• _EXERCISE INSTRUCTIONS_: Every line from the one with "Another video shows" through the end of the material below, both ends included, should be transcribed exactly, without pictures.

• _SUPPLIED DATA_:
>>>>

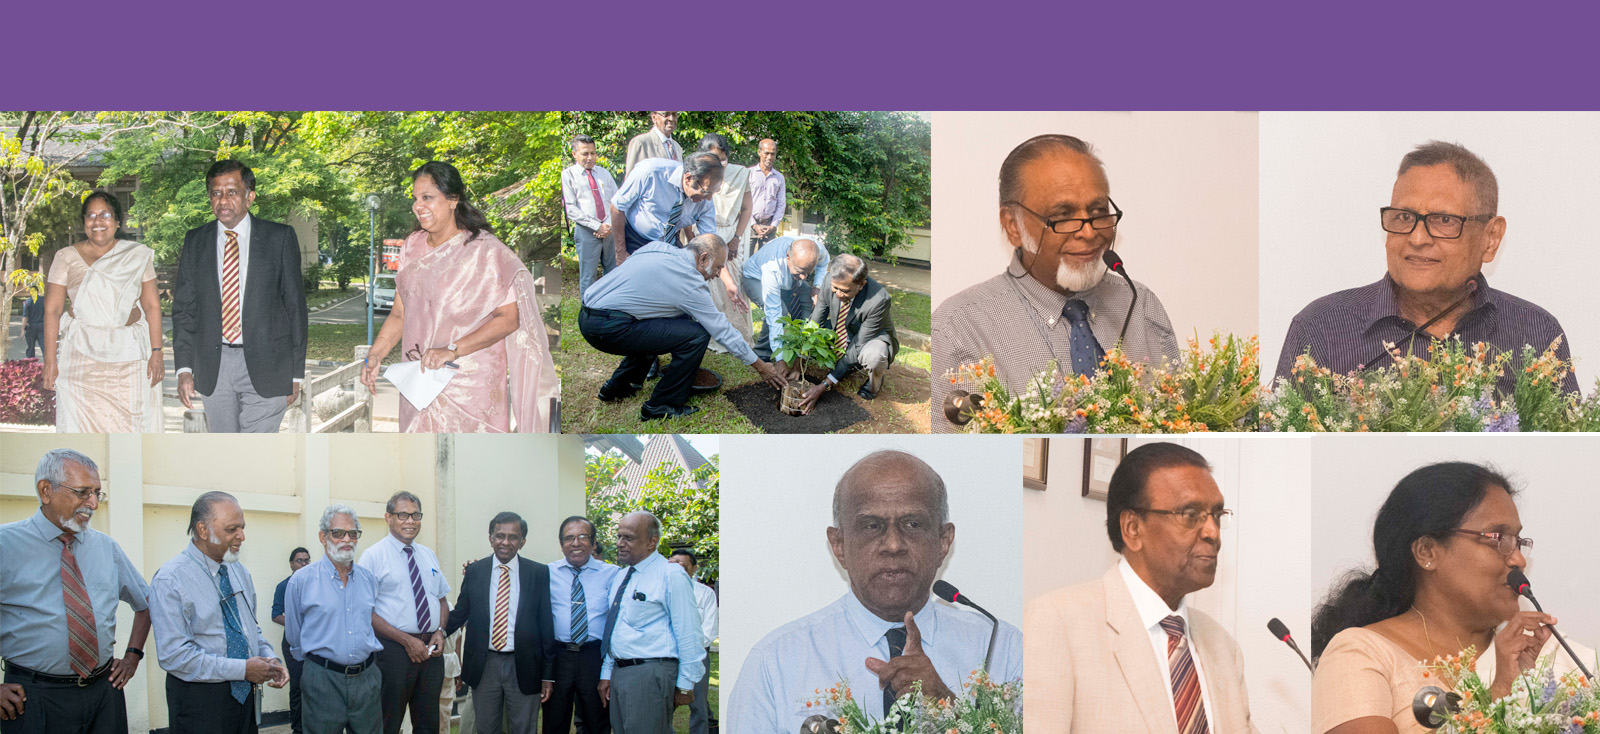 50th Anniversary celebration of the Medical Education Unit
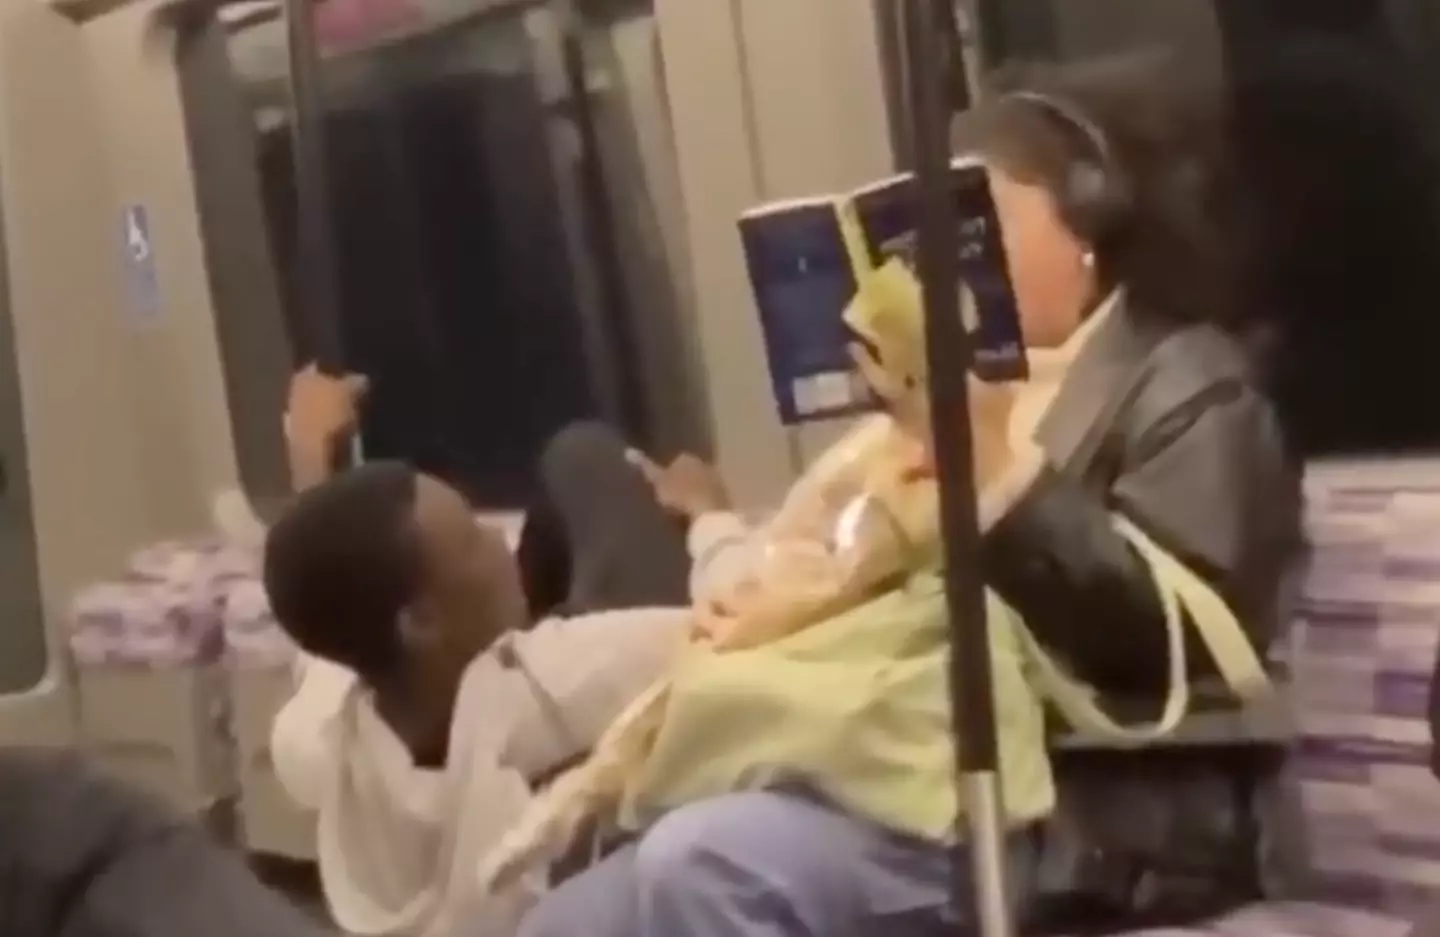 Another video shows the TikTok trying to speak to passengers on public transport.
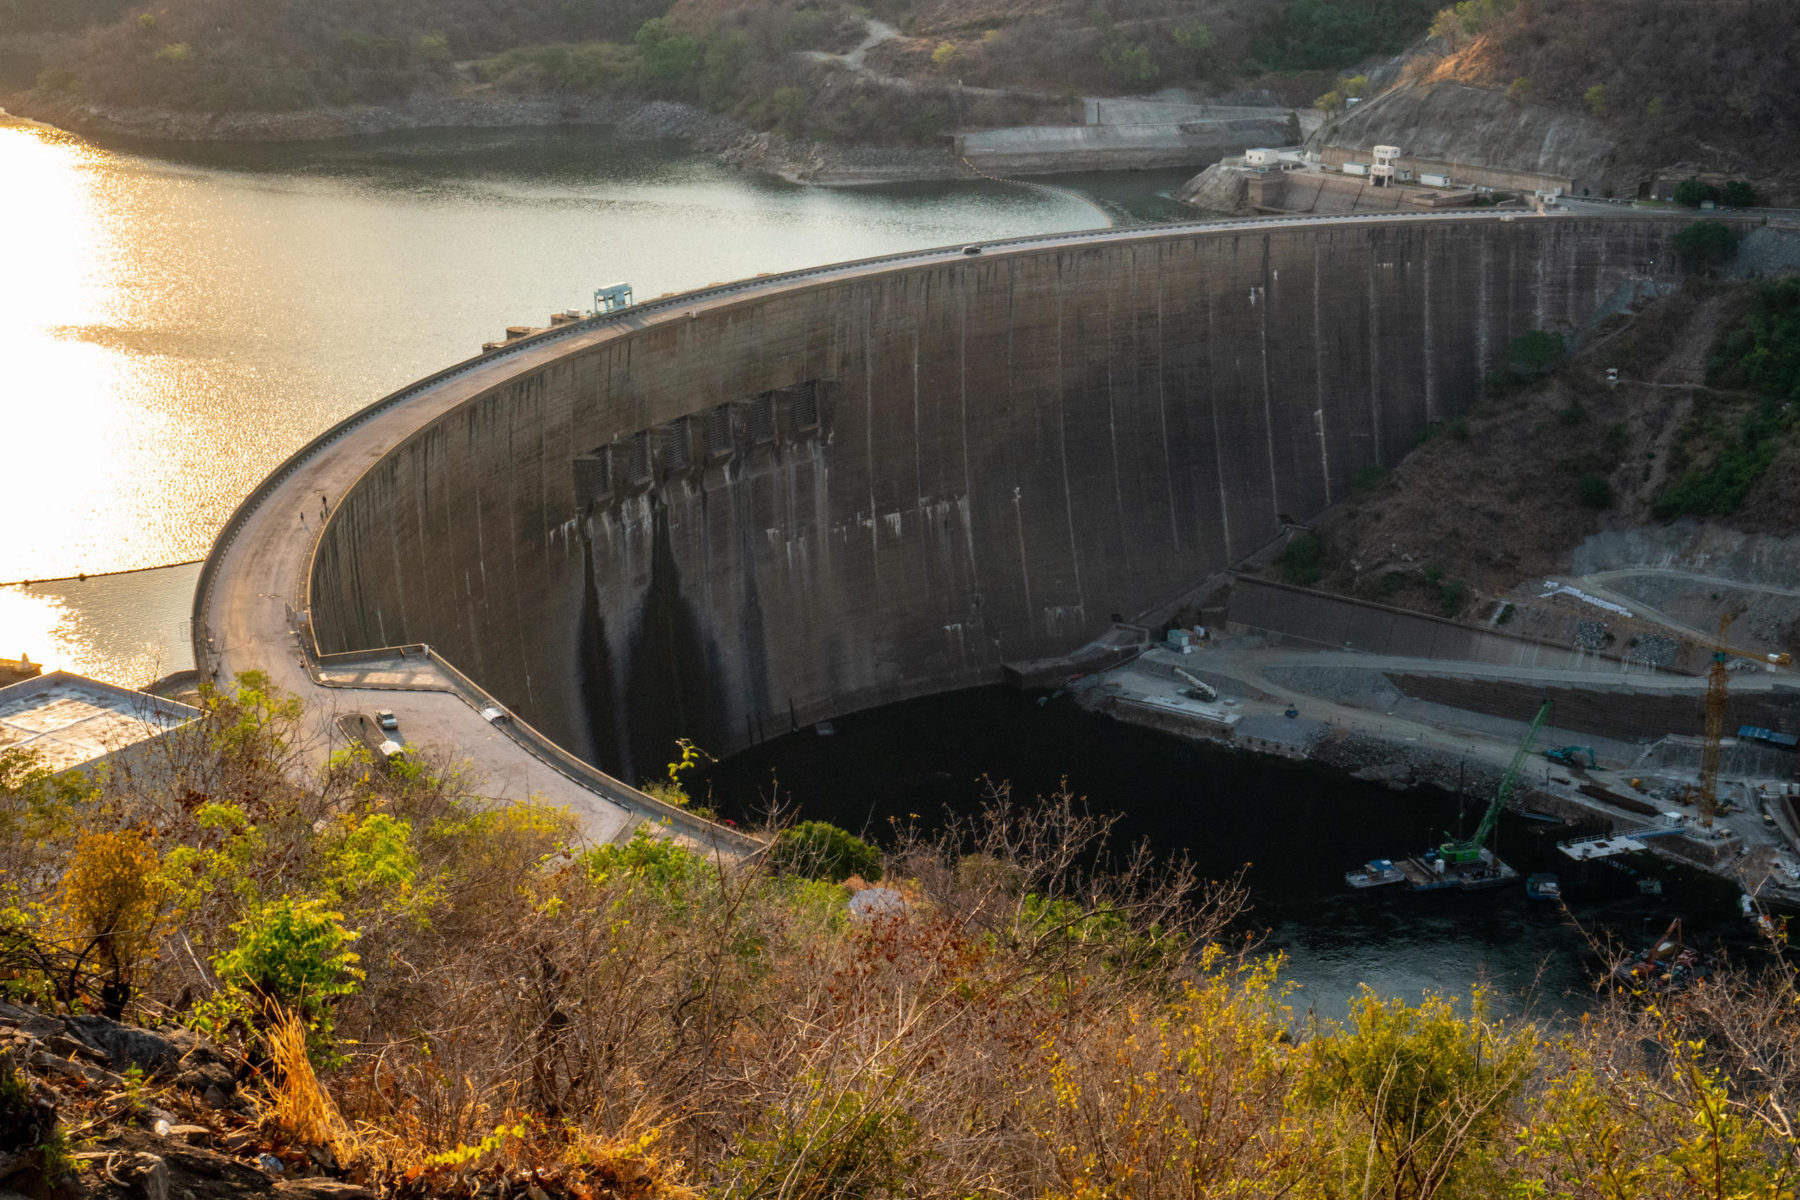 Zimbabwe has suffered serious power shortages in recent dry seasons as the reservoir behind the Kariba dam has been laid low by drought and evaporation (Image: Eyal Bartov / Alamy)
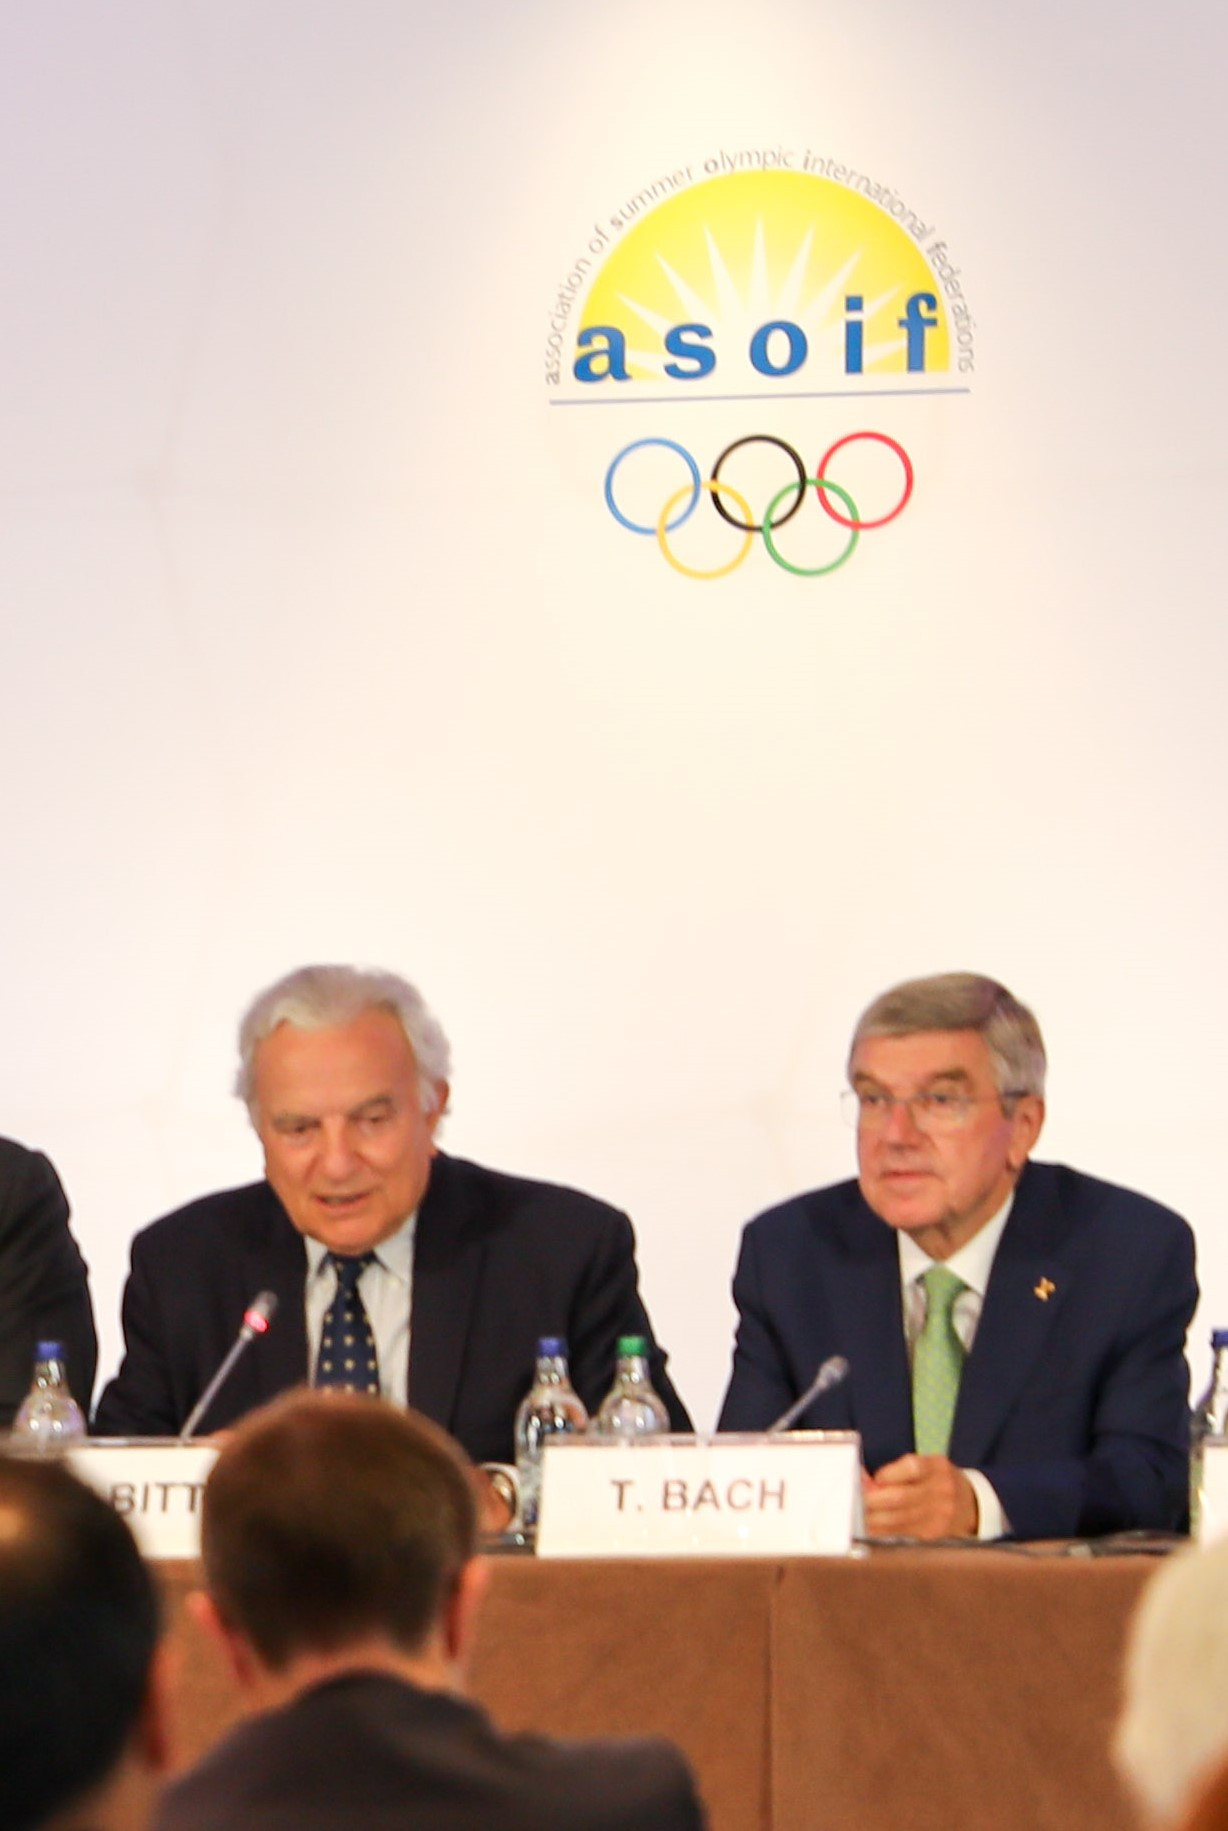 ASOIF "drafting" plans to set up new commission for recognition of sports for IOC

<<<<

• _FINISHED TASK_:
 Another video shows the TikTok trying to speak to passengers on public transport.
 Zimbabwe has suffered serious power shortages in recent dry seasons as the reservoir behind the Kariba dam has been laid low by drought and evaporation (Image: Eyal Bartov / Alamy)
 ASOIF "drafting" plans to set up new commission for recognition of sports for IOC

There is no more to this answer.